▶ [Recorded information]:
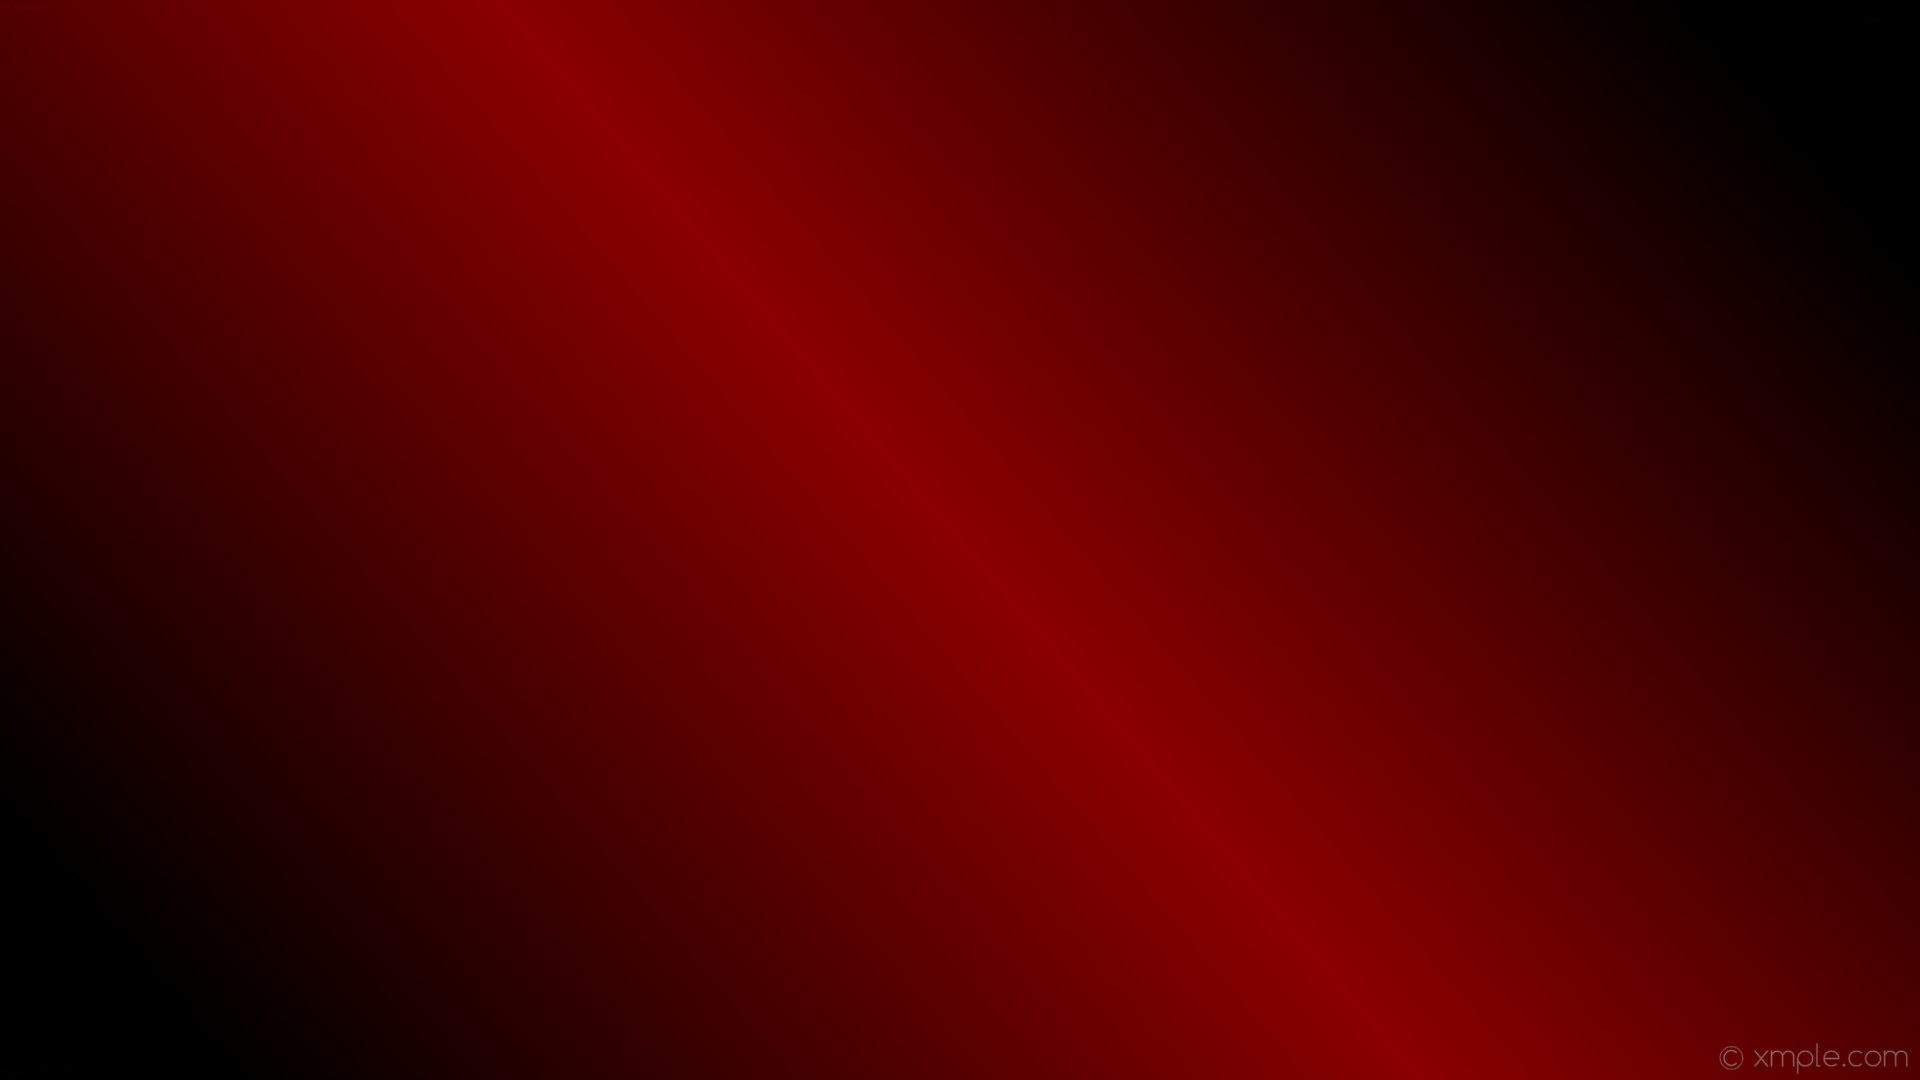 1920x1080 wallpaper linear red black gradient highlight dark red #000000 #8b0000 195Â°  50%
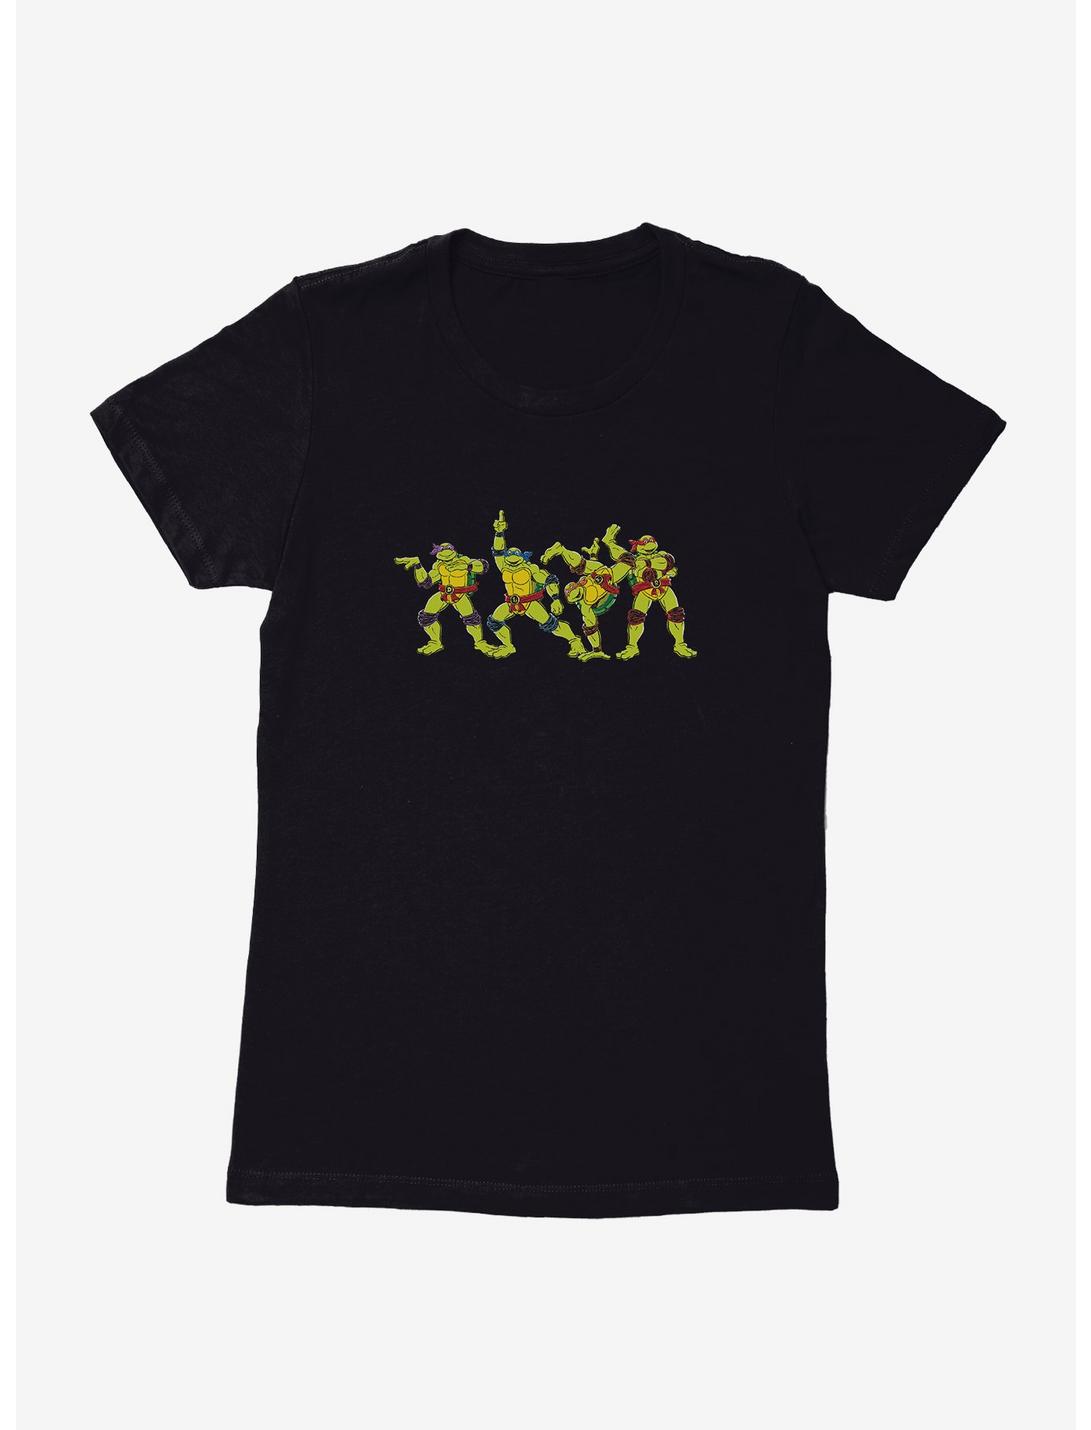 Teenage Mutant Ninja Turtles Spell It Out Womens T-Shirt, BLACK, hi-res
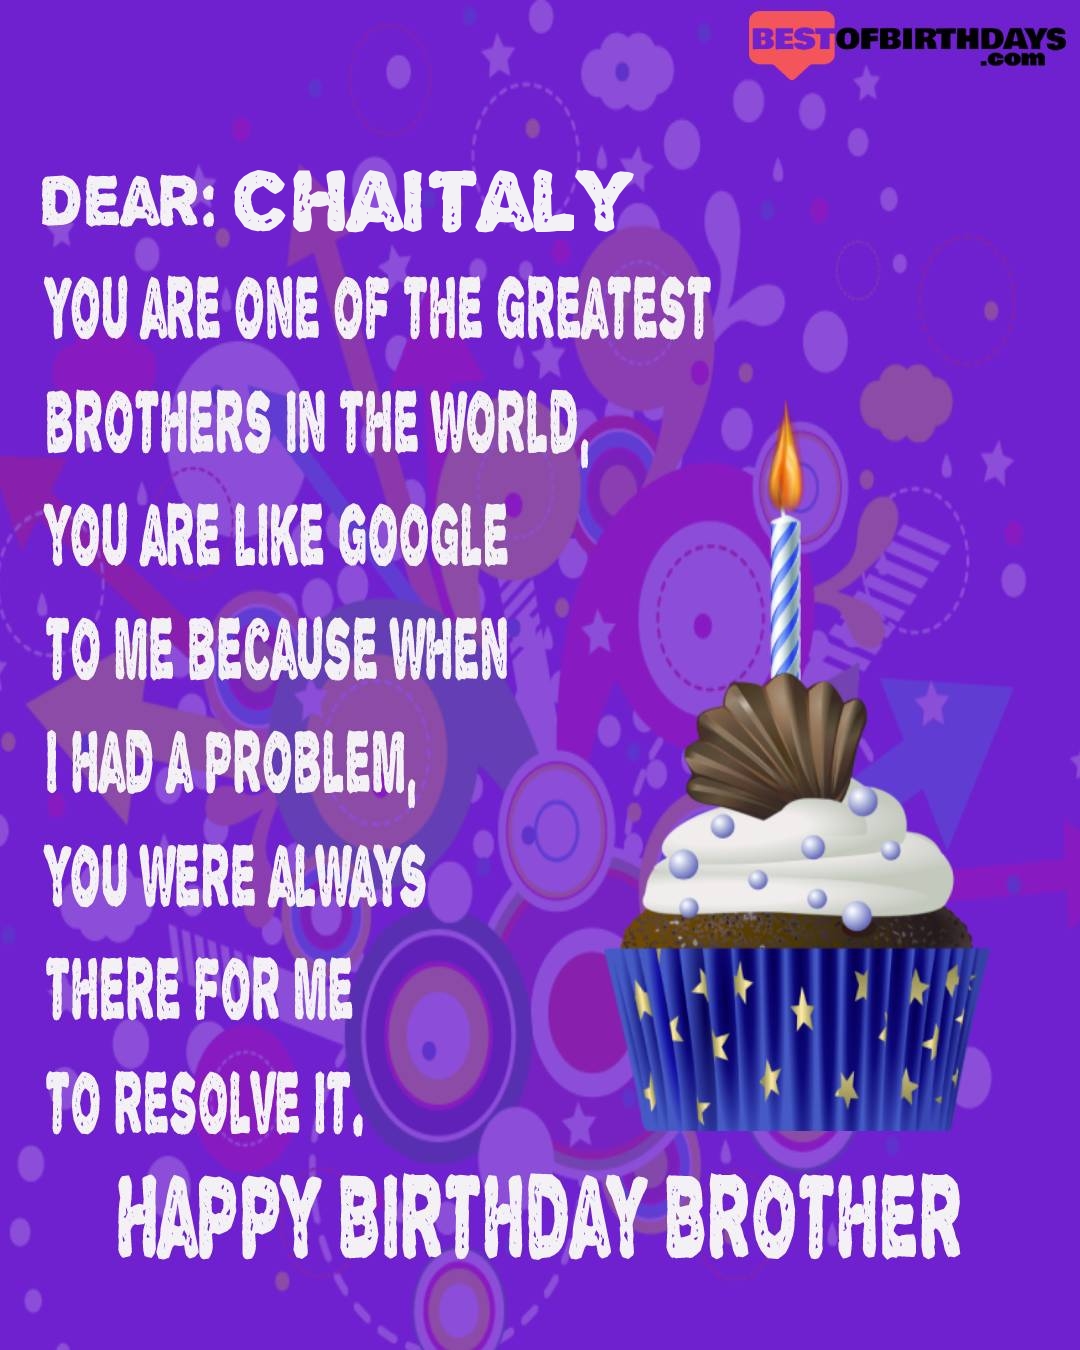 Happy birthday chaitaly bhai brother bro
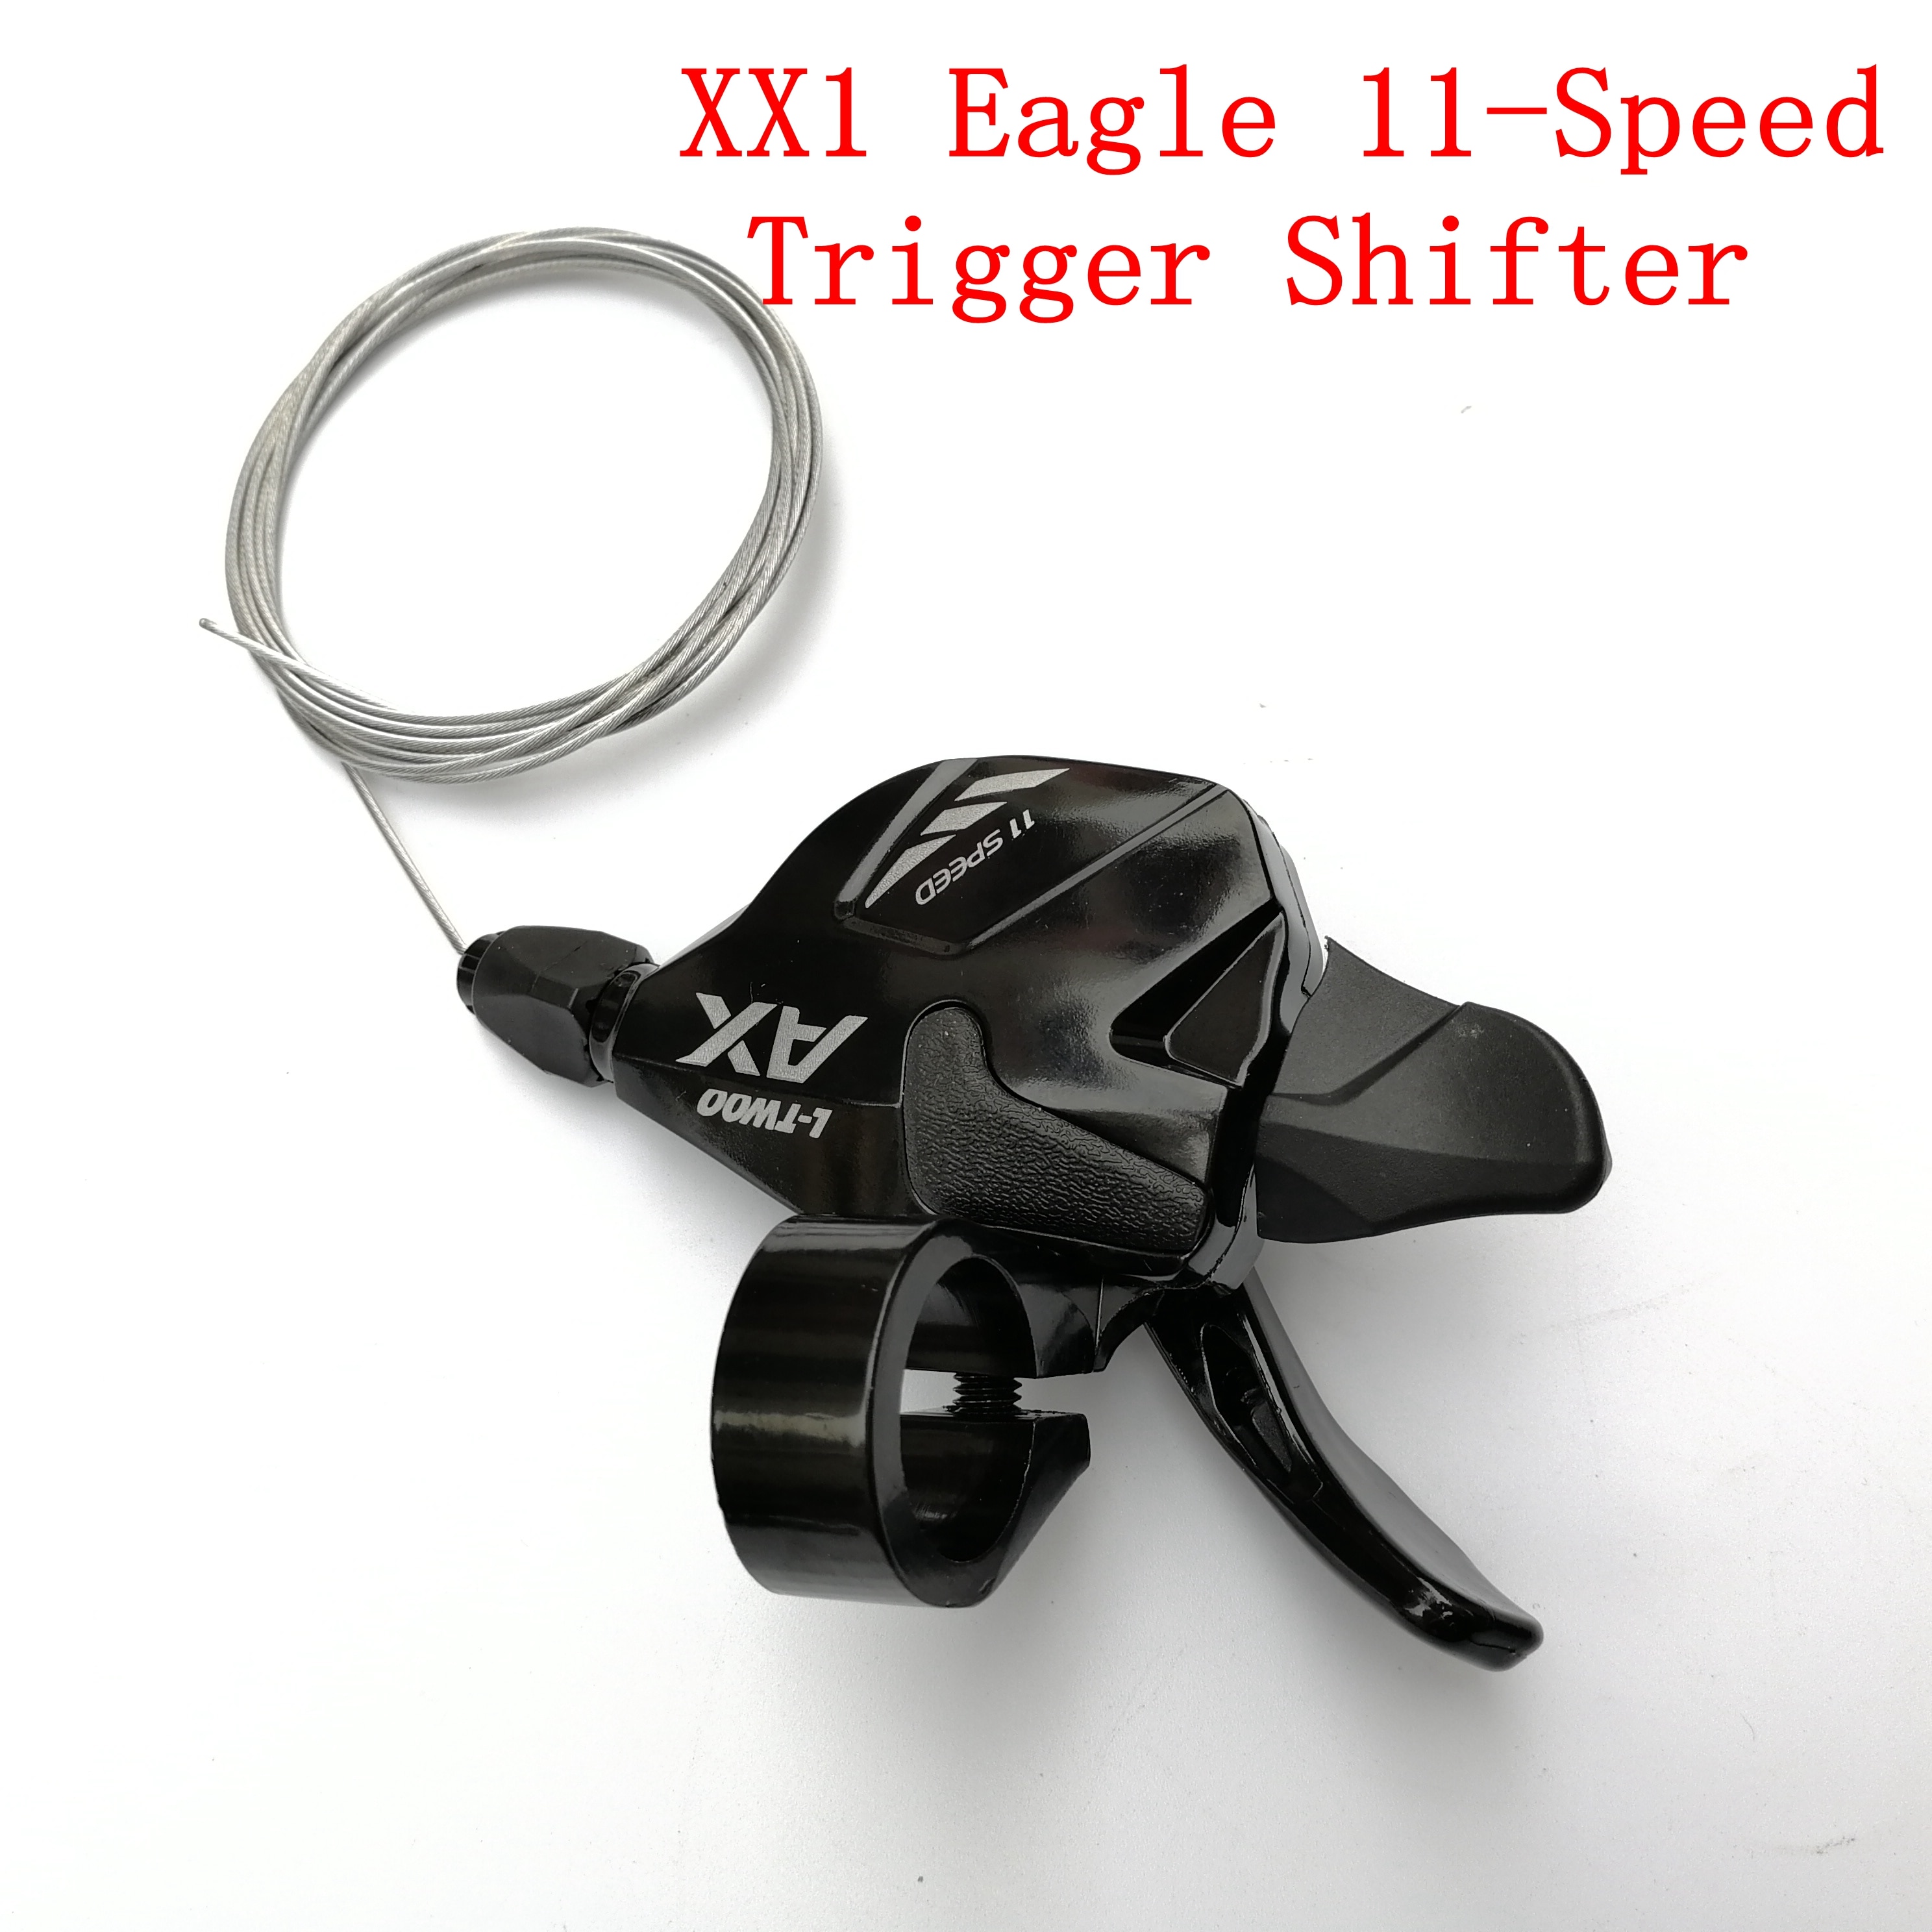 Ltwoo X01 X1 Nx 11-Speed Trigger Shifter Achter 11 Speed Gx Fiets Trigger Shifte

▶ [What you need to do]:
Keep the pictures out and transcribe the listing exactly.

▶ [Problem solution]:
 1920x1080 wallpaper linear red black gradient highlight dark red #000000 #8b0000 195Â°  50%
 Teenage Mutant Ninja Turtles Spell It Out Womens T-Shirt, BLACK, hi-res
 Happy birthday chaitaly bhai brother bro
 Ltwoo X01 X1 Nx 11-Speed Trigger Shifter Achter 11 Speed Gx Fiets Trigger Shifte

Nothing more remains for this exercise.